Declare some relevant variables
declare PROJECT=$(gcloud config list project --format "value(core.project)") declare BUCKET="gs://${PROJECT}-ml" declare MODEL_NAME="DeepMeerkatDetection" declare FOLDER="${BUCKET}/${MODEL_NAME}" declare JOB_ID="${MODEL_NAME}_$(date +%Y%m%d_%H%M%S)" declare TRAIN_DIR="${FOLDER}/${JOB_ID}" declare EVAL_DIR="${BUCKET}/${MODEL_NAME}/${JOB_ID}_eval" declare PIPELINE_CONFIG_PATH="${FOLDER}/faster_rcnn_inception_resnet_v2_atrous_coco_cloud.config" declare PIPELINE_YAML="/Users/Ben/Documents/DeepMeerkat/training/Detection/cloud.yml"
My yaml looks like
trainingInput: runtimeVersion: "1.0" scaleTier: CUSTOM masterType: standard_gpu workerCount: 5 workerType: standard_gpu parameterServerCount: 3 parameterServerType: standard
The relevant paths are set in the config, e.g
fine_tune_checkpoint: "gs://api-project-773889352370-ml/DeepMeerkatDetection/checkpoint/faster_rcnn_inception_resnet_v2_atrous_coco_11_06_2017/model.ckpt"
I've packaged object detection and slim using setup.py

Running
gcloud ml-engine jobs submit training "${JOB_ID}_train" \ --job-dir=${TRAIN_DIR} \ --packages dist/object_detection-0.1.tar.gz,slim/dist/slim-0.1.tar.gz \ --module-name object_detection.train \ --region us-central1 \ --config ${PIPELINE_YAML} \ -- \ --train_dir=${TRAIN_DIR} \ --pipeline_config_path= ${PIPELINE_CONFIG_PATH}
yields a tensorflow (import?) error. Its a bit cryptic
insertId: "1inuq6gg27fxnkc" logName: "projects/api-project-773889352370/logs/ml.googleapis.com%2FDeepMeerkatDetection_20171017_141321_train" receiveTimestamp: "2017-10-17T21:38:34.435293164Z" resource: {…} severity: "ERROR" textPayload: "The replica ps 0 exited with a non-zero status of 1. Termination reason: Error.
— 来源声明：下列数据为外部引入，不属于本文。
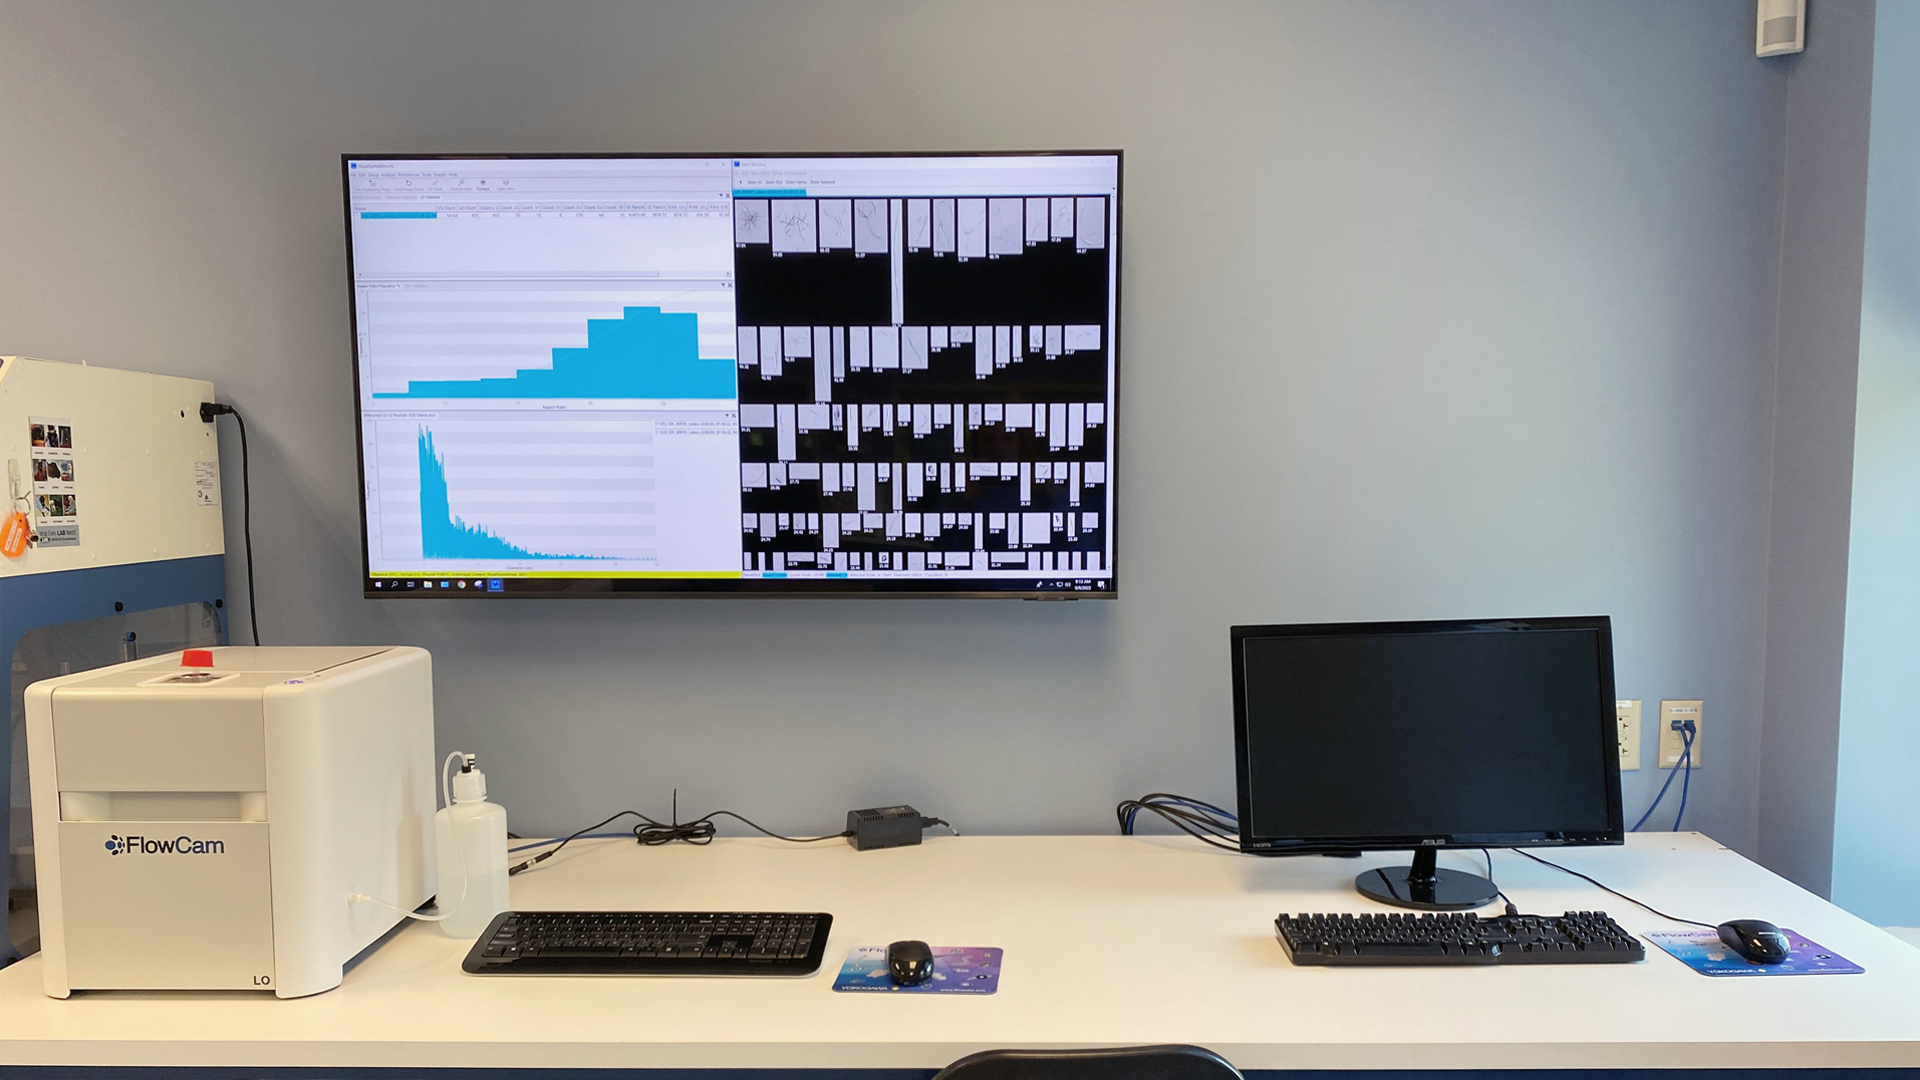 FlowCam on lab bench with data showing on screen

Traceback (most recent call last): File "/usr/lib/python2.7/runpy.py", line 162, in _run_module_as_main "__main__", fname, loader, pkg_name) File "/usr/lib/python2.7/runpy.py", line 72, in _run_code exec code in run_globals File "/root/.local/lib/python2.7/site-packages/object_detection/train.py", line 198, in <module> tf.app.run() File "/usr/local/lib/python2.7/dist-packages/tensorflow/python/platform/app.py", line 44, in run _sys.exit(main(_sys.argv[:1] + flags_passthrough)) File "/root/.local/lib/python2.7/site-packages/object_detection/train.py", line 145, in main model_config, train_config, input_config = get_configs_from_multiple_files() File "/root/.local/lib/python2.7/site-packages/object_detection/train.py", line 127, in get_configs_from_multiple_files text_format.Merge(f.read(), train_config) File "/usr/local/lib/python2.7/dist-packages/tensorflow/python/lib/io/file_io.py", line 112, in read return pywrap_tensorflow.ReadFromStream(self._read_buf, length, status) File "/usr/lib/python2.7/contextlib.py", line 24, in __exit__ self.gen.next() File "/usr/local/lib/python2.7/dist-packages/tensorflow/python/framework/errors_impl.py", line 466, in raise_exception_on_not_ok_status pywrap_tensorflow.TF_GetCode(status)) FailedPreconditionError: .
I've seen this error in other questions related to prediction on Machine Learning Engine, suggesting this error probably(?) is not directly related to the object detection code, but it feels like its not being packaged correctly, missing dependencies? I've updated my gcloud to the latest version.
Bens-MacBook-Pro:research ben$ gcloud --version Google Cloud SDK 175.0.0 bq 2.0.27 core 2017.10.09 gcloud gsutil 4.27
Hard to see how its related to this problem here

FailedPreconditionError when running TF Object Detection API with own model

why would code need to initialized differently in the cloud?

Update #1.

The curious thing is that the eval.py works fine, so it can't be a path to the config file, or anything that train.py and eval.py share. Eval.py patiently sits and waits for model checkpoints to be created.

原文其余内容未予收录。